Registered with the Registrar of Newspapers for India under R.N.I 53640/91
Vol. XXX No. 7, August 1-15, 2020
Historically there have been many ways of isolating patients with infectious diseases. The ill can be removed to a place where they cannot infect others. If they are treated at home, then the residence itself can carry a warning sign – a method that has been in place since the time of the plagues. The most disturbing however, and even traumatic for those living in such houses, is the prospect of being barricaded in. And yet, this is precisely what the city’s civic body is doing, and this is now being copied by other cities too.
The modus operandi, so we learn, is that the moment a test detects someone as Covid positive, their address details are shared by the laboratory itself with the Corporation. Whereupon, representatives of the civic body arrive and put up corrugated metal sheet barricades all around the residence. If it is an independent house, the family of the infected person stays in; and if it is a multi-storeyed building, then everyone else in the block also stay at home. Flex banners are then hung out on the corrugated sheets, informing all passers-by and vendors that the house contains infected people.

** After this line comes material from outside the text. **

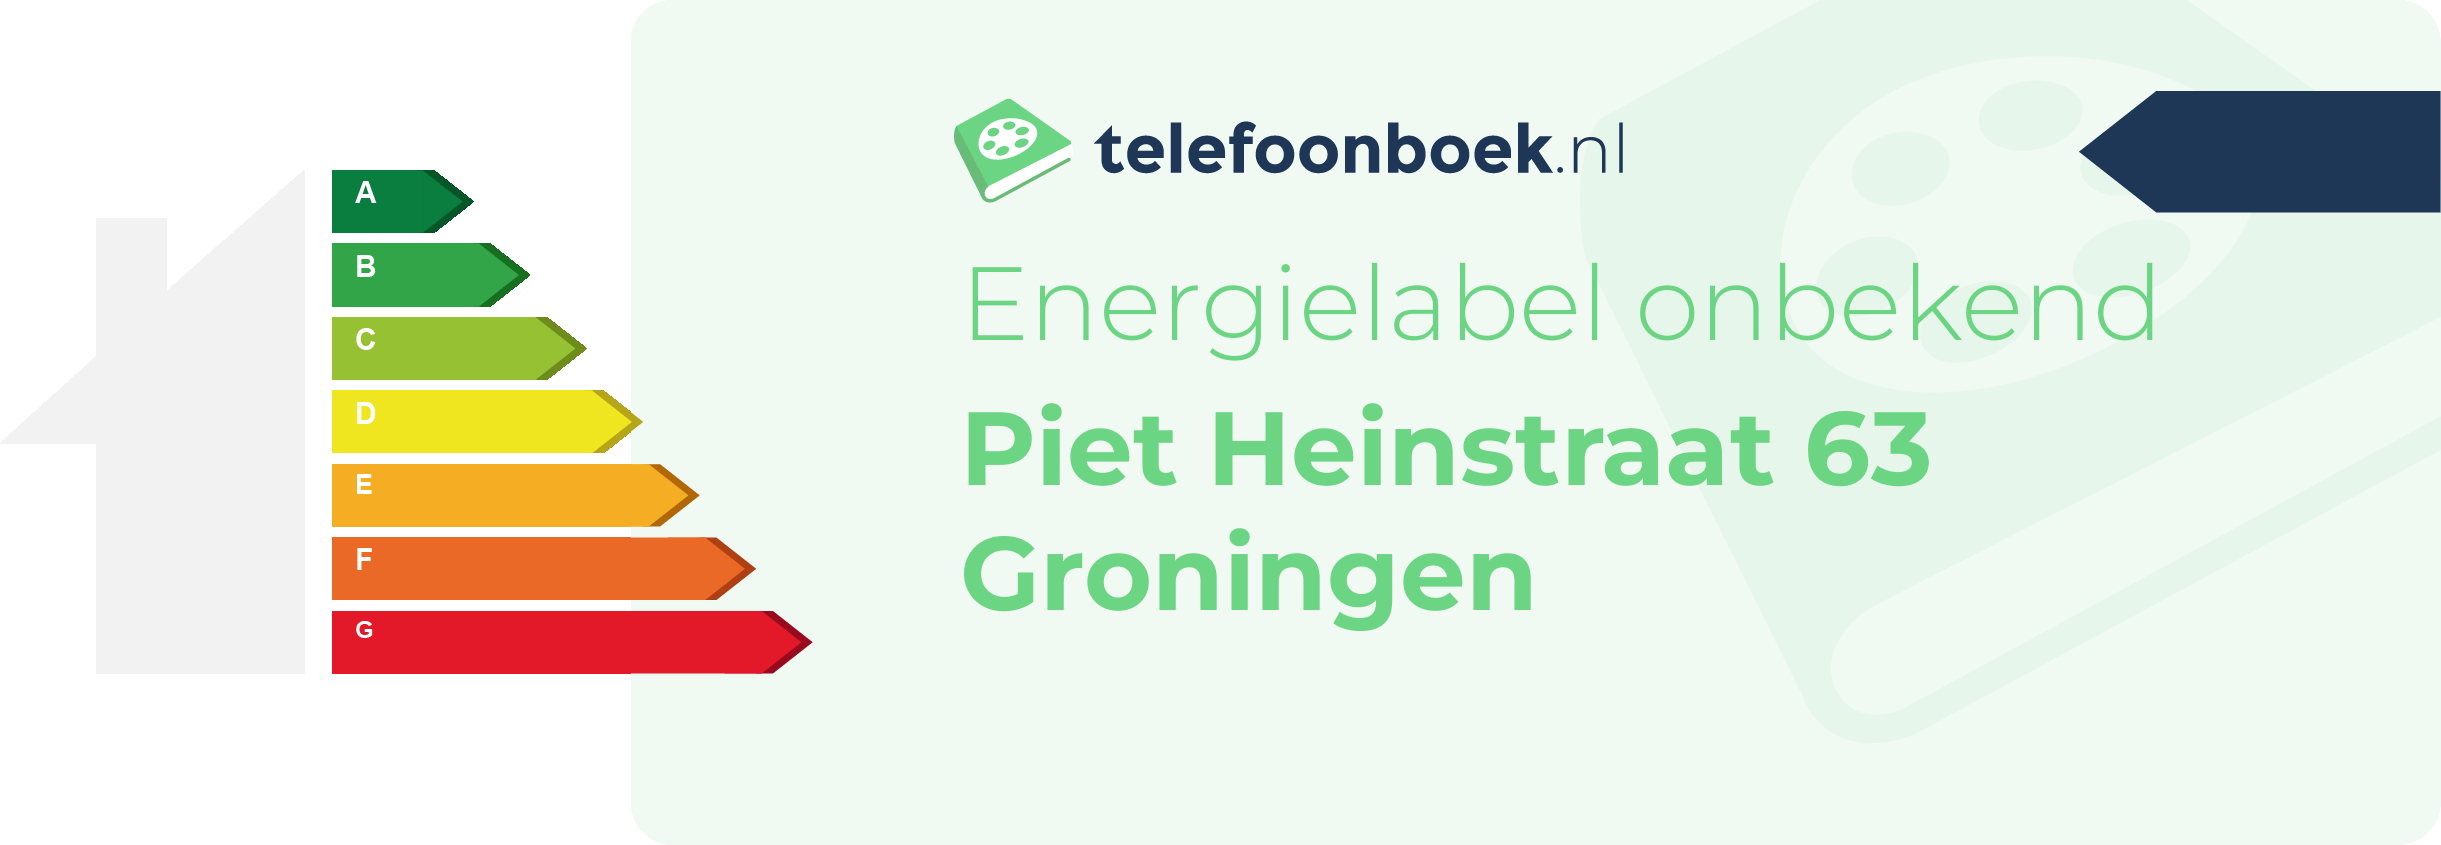 Energielabel Piet Heinstraat 63 Groningen

All very well thus far. But it is in the design of those barricades that there is much to object to. Rather in the manner in which the great Moghul is said to have buried alive a courtesan who was in love with his son, these sheets are nailed close all around the house, leaving a small opening for entry and exit. This presumably is for the health workers to come in and take a look at how the patient is recovering. But beyond that, it effectively makes a prison out of the whole building.
Now, a residence or a block of flats may be faced with situations when mass evacuation is needed. What happens if there is a fire for instance? How can all residents rush out to safety if the gates are as wide as the proverbial eye of the needle? What if a person has a fracture and has to be removed in a stretcher or needs an ambulance to be brought to the doorstep? There could be an earthquake – such a happening though rare is not unknown in the city. After all, Covid is not the only problem that people may face. And even among those infected with Covid, there are instances where doctors ask for the patient to be sent out for scans. How is this to be achieved? And in which medical or administrative journal is it mandated that Covid patients need to be isolated behind corrugated sheets? Of course, given the general indiscipline that is rampant in our city, the Corporation may have come up with this measure out of desperation in its attempts to isolate the infected. Even then, some other form of surveillance, especially in these technologically evolved times may have been far better. It is also reliably learnt that while the fixing of the barricades is quite prompt, the removal is not such a fast process and involves repeated reminders.
Chennai citizens appear to be a patient lot and tolerate this kind of hemming in. On the other hand, there have been protests in Bengaluru over this boarding up and the civic body there was forced to not only remove such barricades but also issue an apology. It is high time the Corporation of Chennai comes up with a more evolved solution in keeping with the city’s image of being a technological capital. Such tactics as barricading belong to the middle ages.